3 June 2005 The NHS’s mammoth £6.2 billion IT modernisation project has run into problems, as it was revealed that a supplier had been sacked for missing deadlines.
Fujitsu Services, the prime contractor for the project’s southern region has terminated its agreement with US software maker IDX. Fujitsu will replace IDX’s clinical information system, Carecast, with its larger US rival Cerner’s Millennium product.
Fujitsu has promised the NHS that the switch to Cerner will not exacerbate the delays.

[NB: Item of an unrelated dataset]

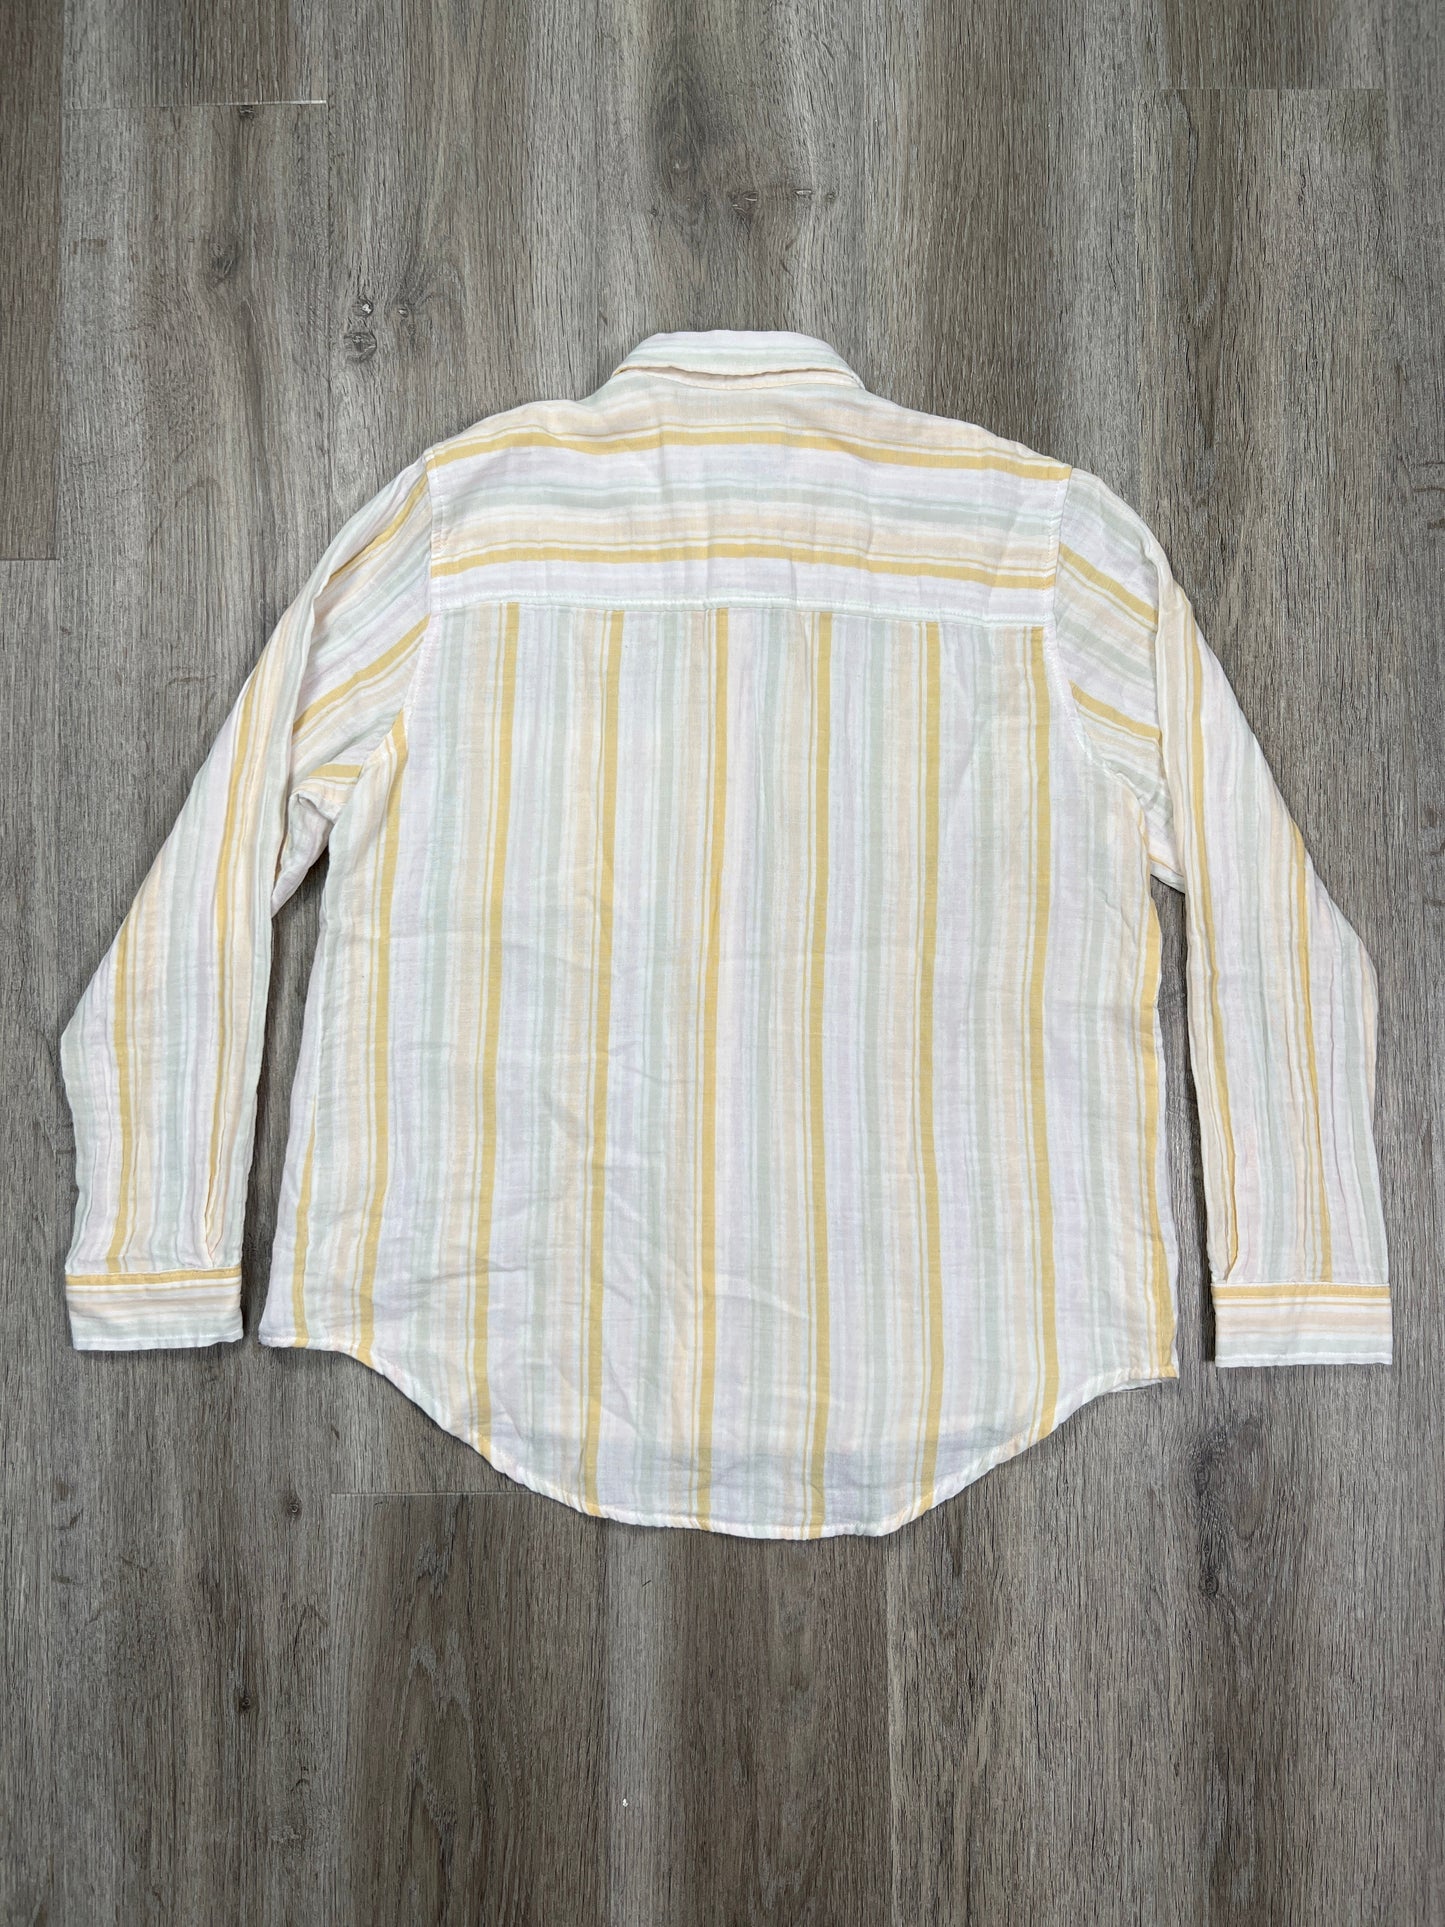 Striped Pattern Top Long Sleeve Universal Thread, Size M

But Tola Sargeant, an analyst at industry watcher Ovum warned that swapping suppliers at this stage is far from trivial: “BT [which manages the national data spine] has clearly had significant problems fitting IDX’s software to the UK system, and we find it hard to believe that Fujitsu and Cerner won’t face many of the same challenges.”
The NHS Connecting for Health (CfH) programme is the biggest civil IT project in the world, covering 8,000 surgeries, 240 hospitals and about 55 million patients. The project was split into five regions, and contracts for each region awarded separately.
Despite the decision to cut IDX from the Southern project, it will still be used in the London region.
It has been widely known that the Southern project was running behind schedule. But the cutting of IDX marks the first instance of the hard line that the NHS had promised to take.
In March, Richard Granger the CfH director general had promised to cut any suppliers incapable of meeting deadlines.